La nostra cultura spinge alla fretta, comunque. Un dinamismo fine a se stesso che produce molto poco, in termini di risultati e di benessere. Percorsi inconsistenti e ripetitivi. E’ il risultato dei sogni da raggiungere, senza sogno. Gli obiettivi da raggiungere non sono dichiarati: il presente, momento per momento, suggerisce impulsi e condotte. Il risultato è una vita così complicata da travolgere persone, famiglie, popoli.

Al fondo della corsa attendono le file: per le strade, alle poste, dal medico, anche al supermercato. Per un semplice servizio è oramai abitudine prendere un appuntamento. Da non saltare, innescando, la catena della soppressione o dello spostamento di altri impegni. La razionalità sembra saltata, anche quella elementare e di immediato istinto. Un problema serio perché il rischio è di fare la fine del criceto che gira sulla ruota senza fine.

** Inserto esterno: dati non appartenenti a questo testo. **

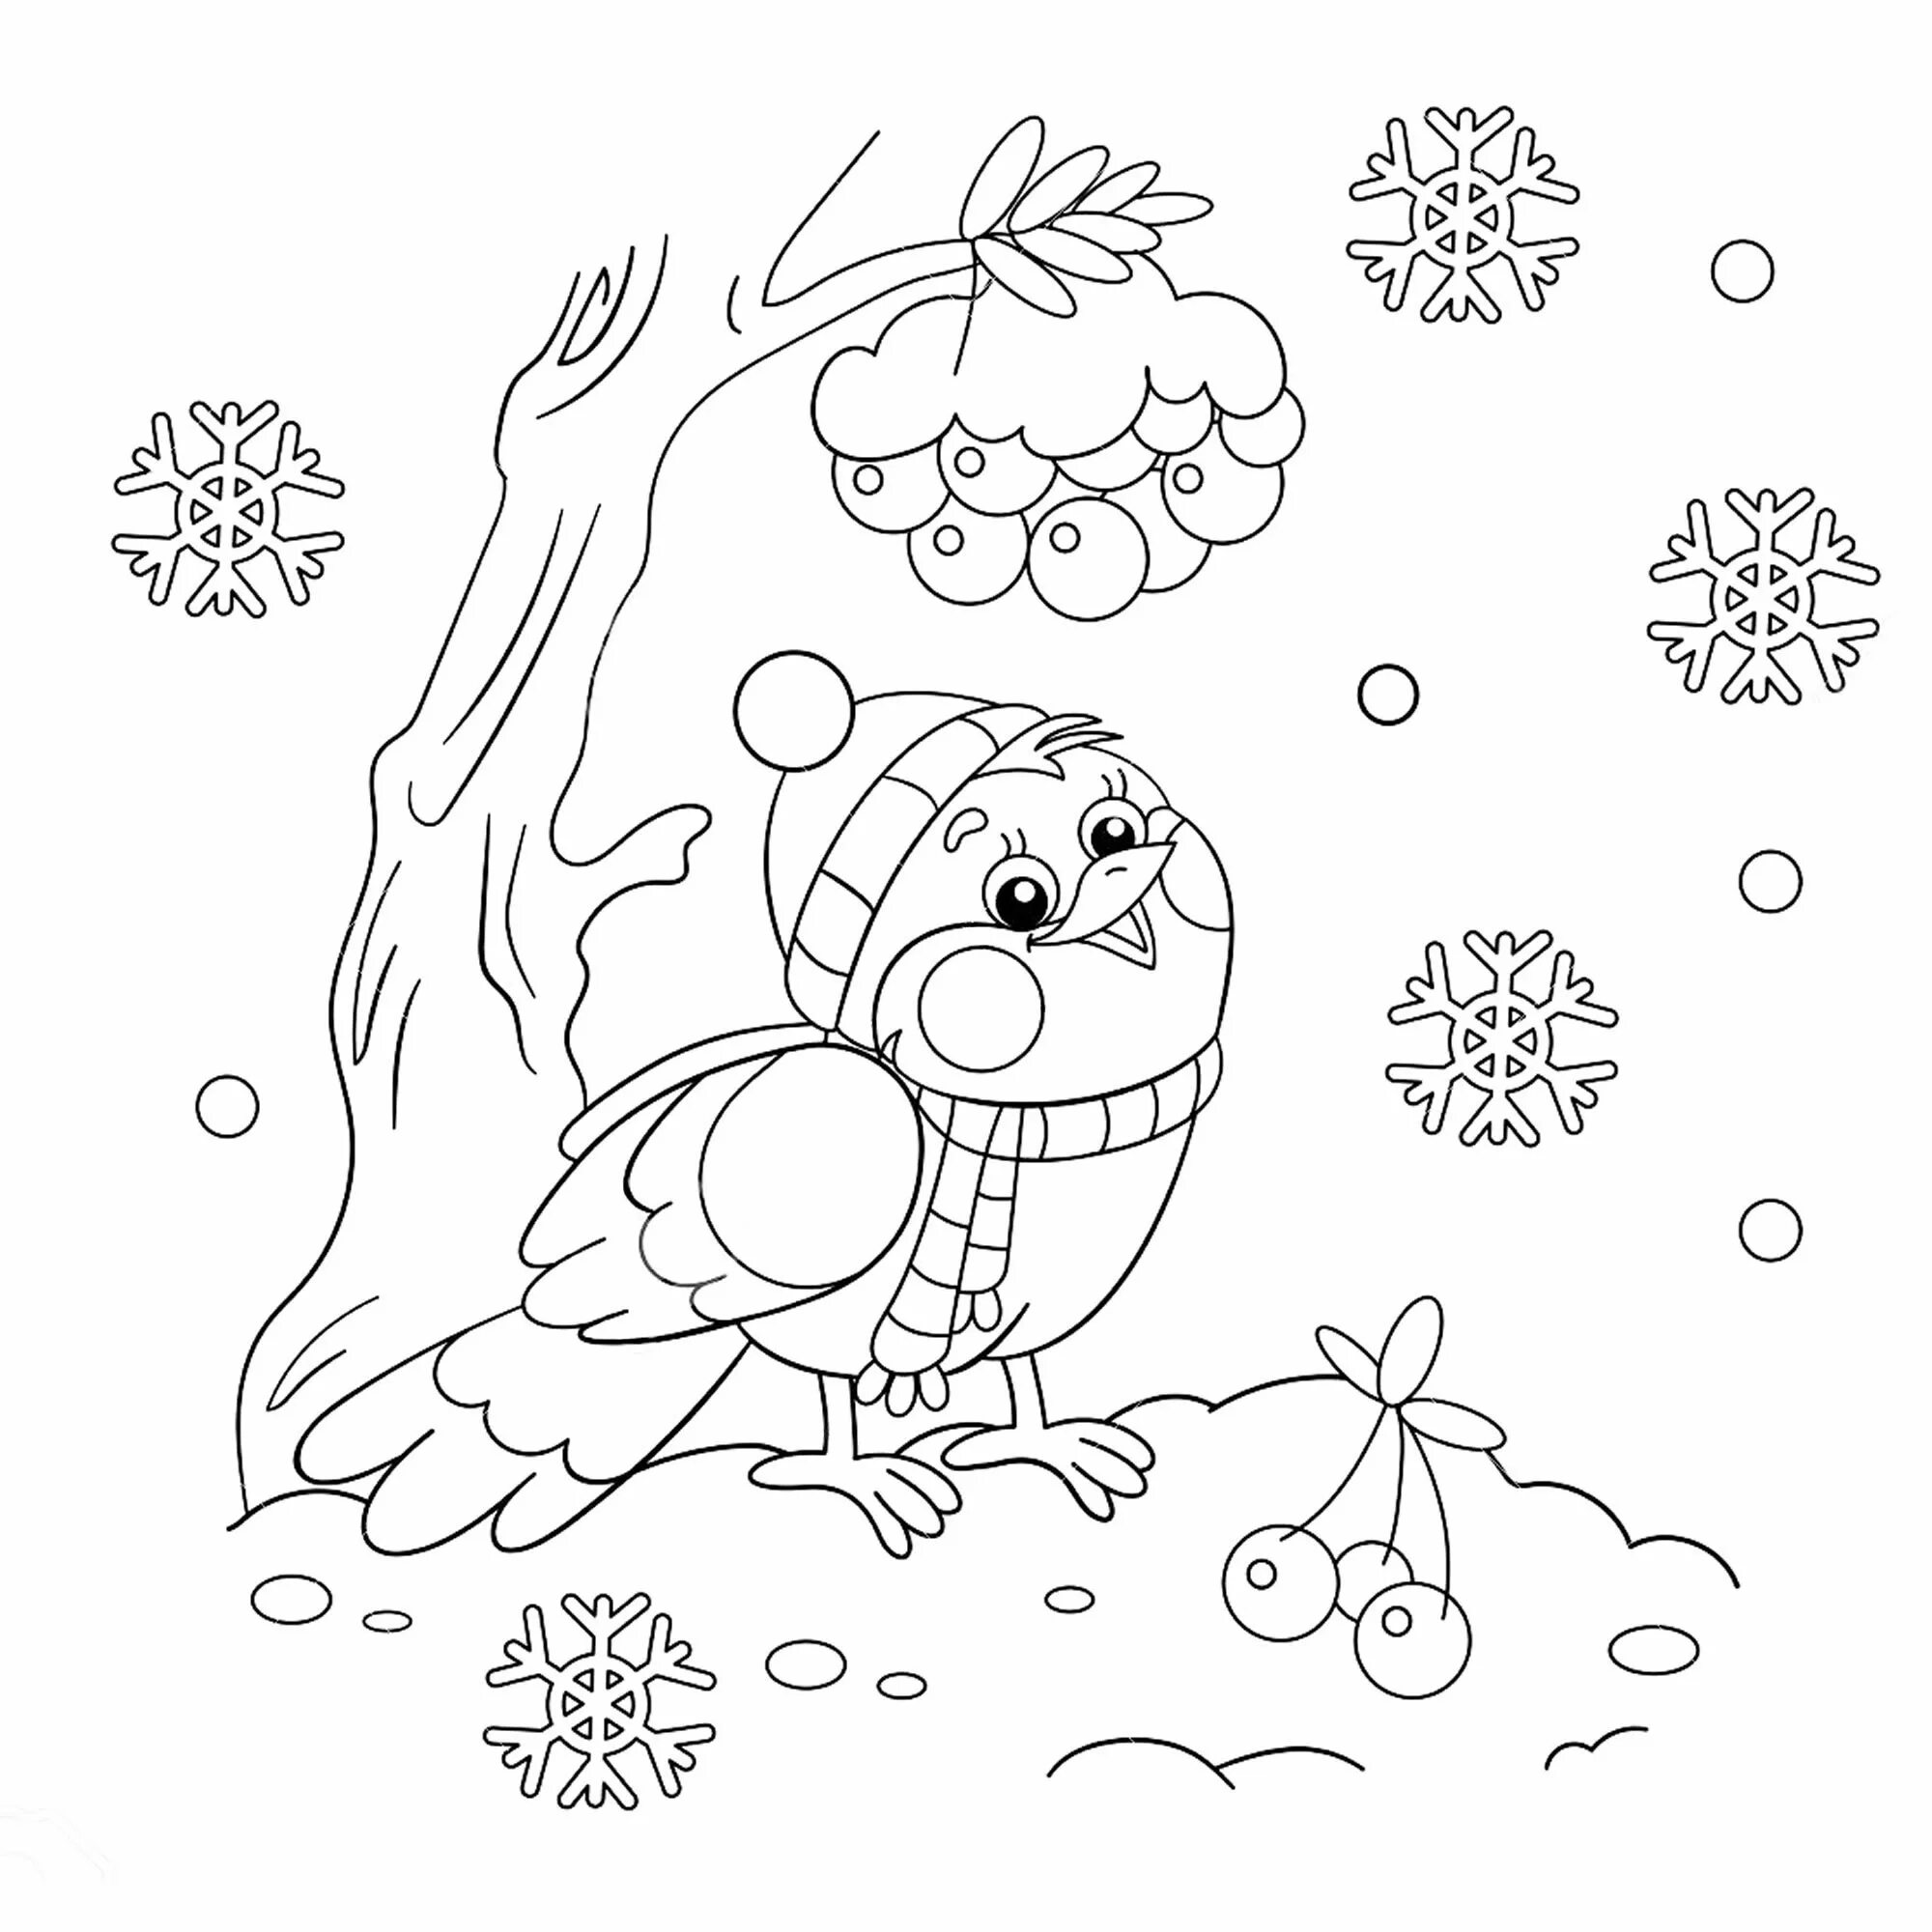 Coloring page glorious winter birds
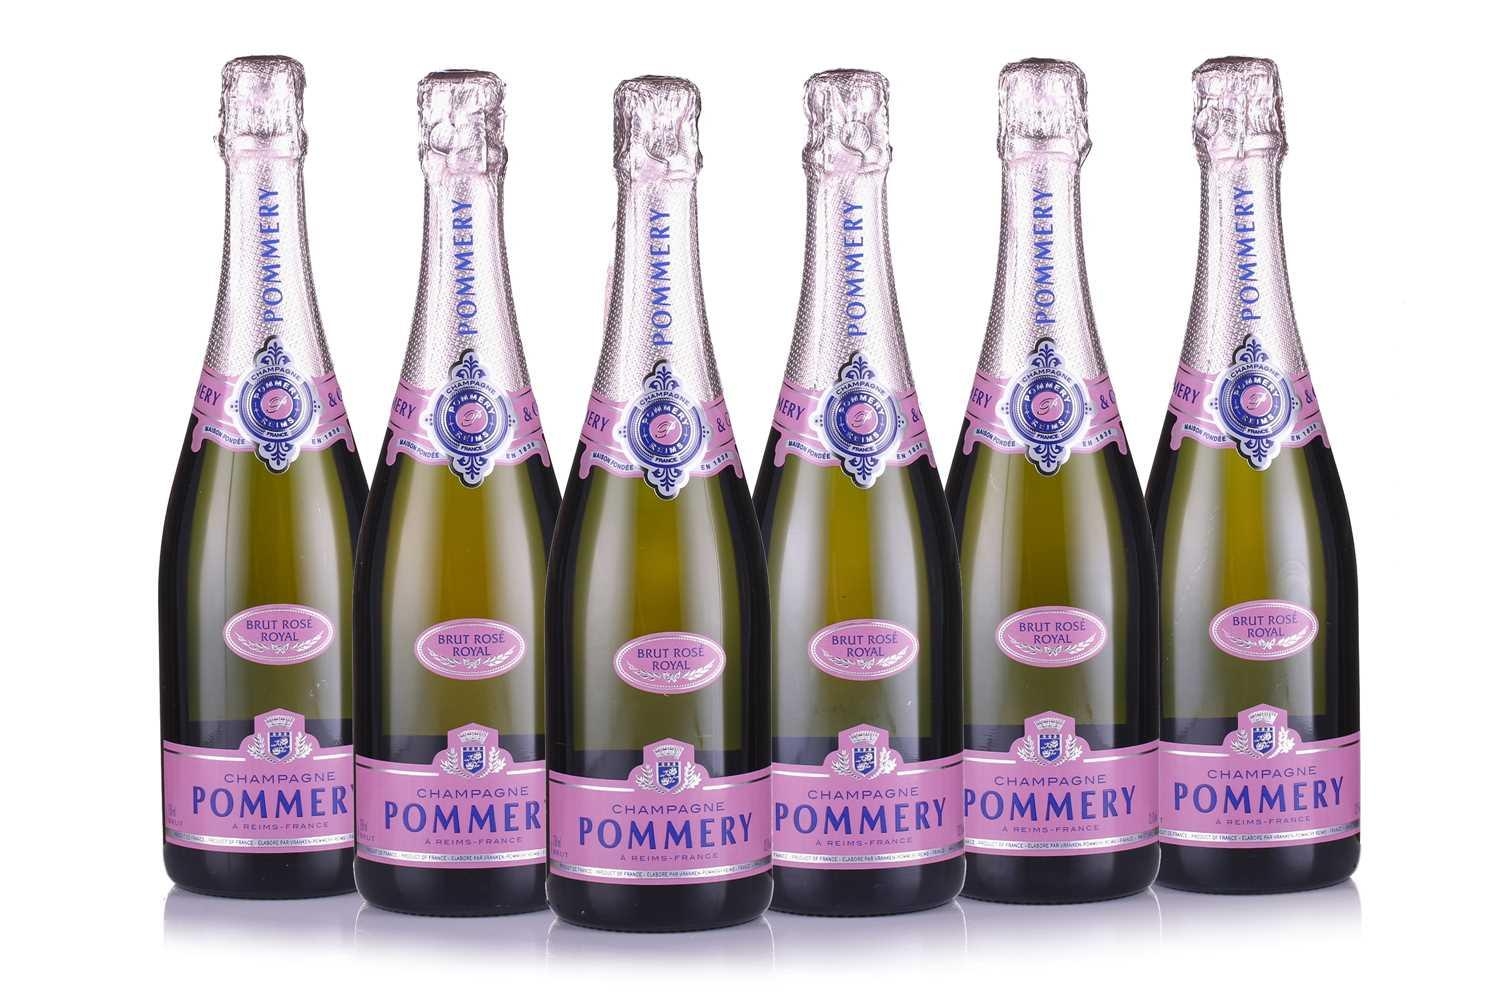 Six bottles of Pommery Rose Brut in (6) Royal Qty: cartons. Champagne

Alla base del movimento c’è lo sviluppo per obiettivi veri o immaginati, rischiando l’inutilità o il non senso. E’ difficile fermare il meccanismo chiamato modernità, anche se qualcuno sta suggerendo il post-moderno: nei sentimenti, nelle scelte, nelle vite. Non si sa bene in che cosa consista. Sembra che la civiltà occidentale aspiri al dominio della propria vita e della storia, senza fermarsi. Eppure sono presenti i limiti del tempo e dello spazio: se misurati con la propria vita sono pure brevi. E’ una riflessione che non riesce a fermare la macchina della corsa che ha conquistato l’Occidente e non solo.

Qualcuno, in solitudine, dichiara di aver cambiato vita, per ritrovare se stesso, la natura, il benessere fisico e mentale. Strade diverse che riguardano il pensiero, i sentimenti, la fisicità, anche se rimanda alla grande domanda del perché. Sicuramente penserà la natura a porre rimedio alla fretta insopportabile, restituendo tempi e modi di vivere. Nel frattempo è utile godere dei beni posseduti: non sono pochi. Per molti la sicurezza, l’istruzione, la vivibilità ha raggiunto livelli ottimi.

Il problema reale è che forzare ancora, senza sapere per che cosa e per chi rischia l’implosione: la perdita di quanto conquistato per tornare ad una condizione regredita. La spinta propositiva umana dell’intelligenza e della creatività deve essere sottoposta a una volontà che stabilisca priorità, metodi, tempi ed efficacia. Purtroppo non sempre si verifica.